Supplied records
● ● ● ● ● ● ●
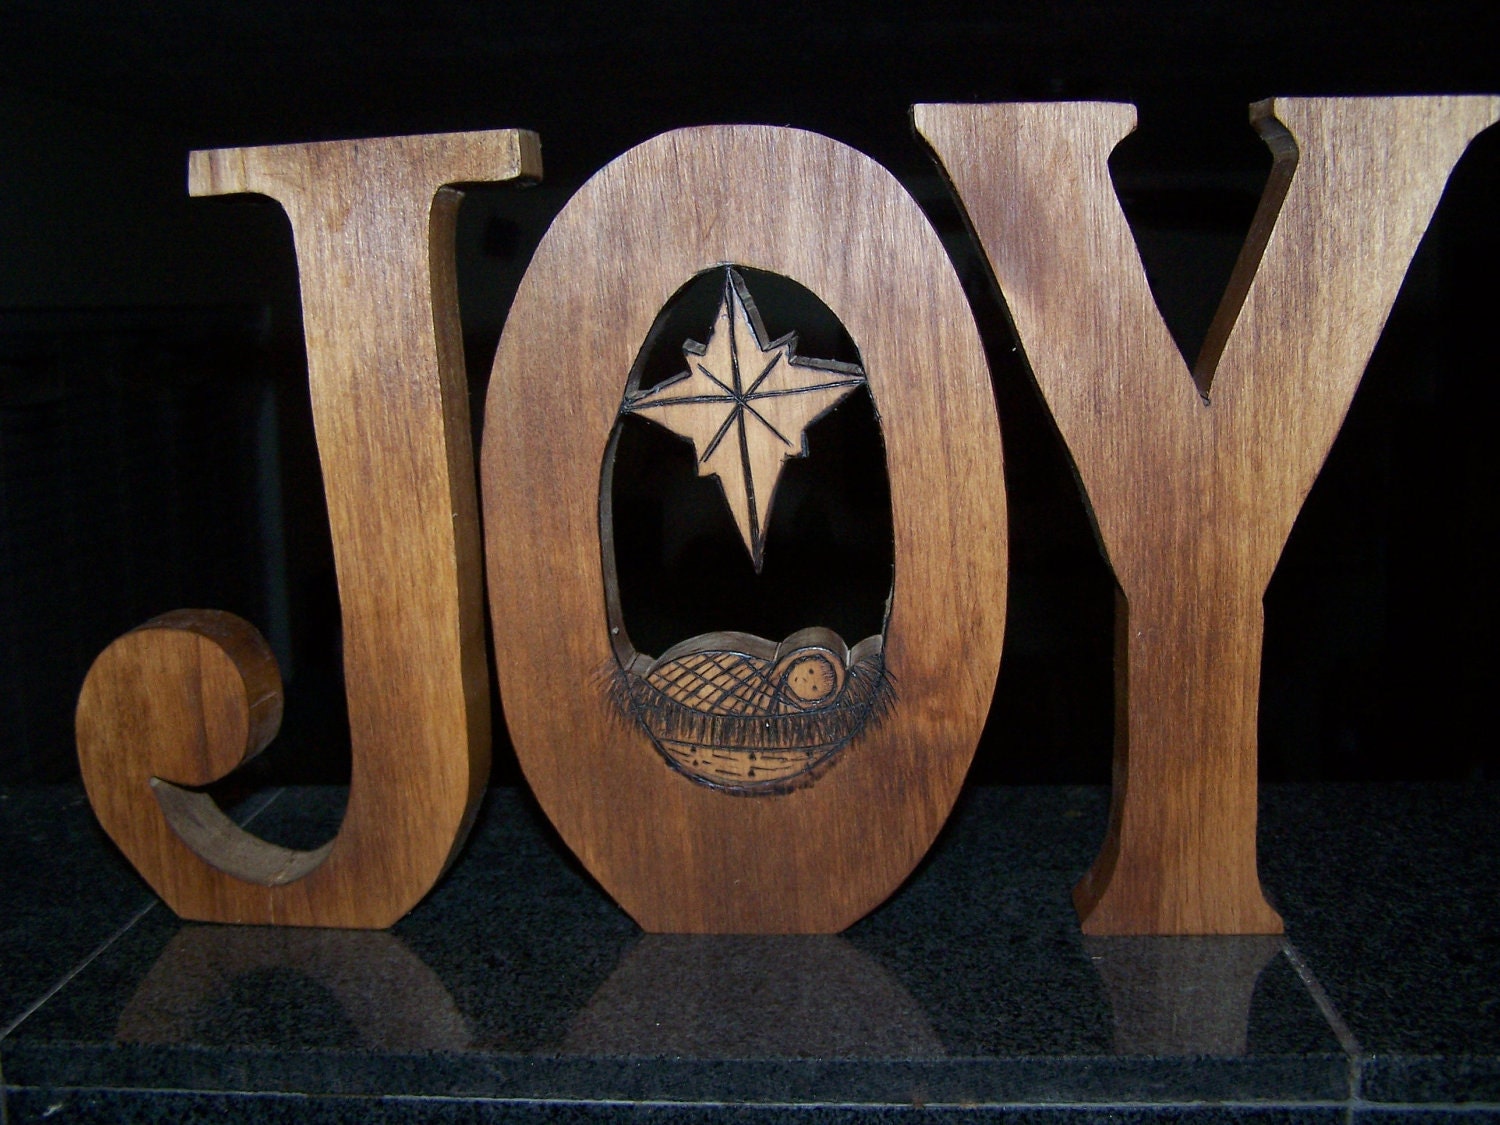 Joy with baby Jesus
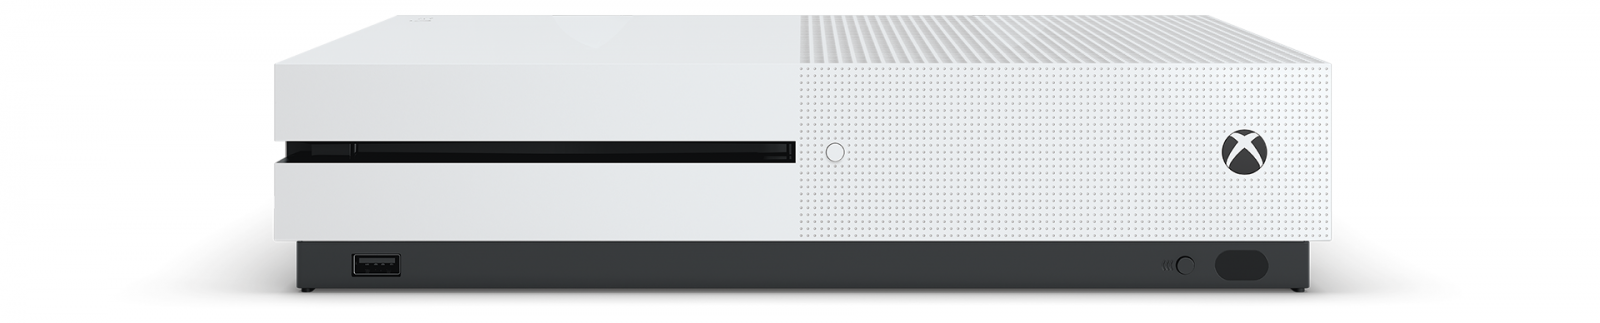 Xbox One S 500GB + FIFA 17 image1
● ● ● ● ● ● ●
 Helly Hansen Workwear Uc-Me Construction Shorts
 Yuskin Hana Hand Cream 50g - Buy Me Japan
● ● ● ● ● ● ●
Goal of the exercise
Within the listing above, extract exactly the lines that run from the one containing "Joy with baby Jesus" through the one containing "Xbox One S 500GB + FIFA 17 image1", excluding any pictures.

Response
 Joy with baby Jesus
 Xbox One S 500GB + FIFA 17 image1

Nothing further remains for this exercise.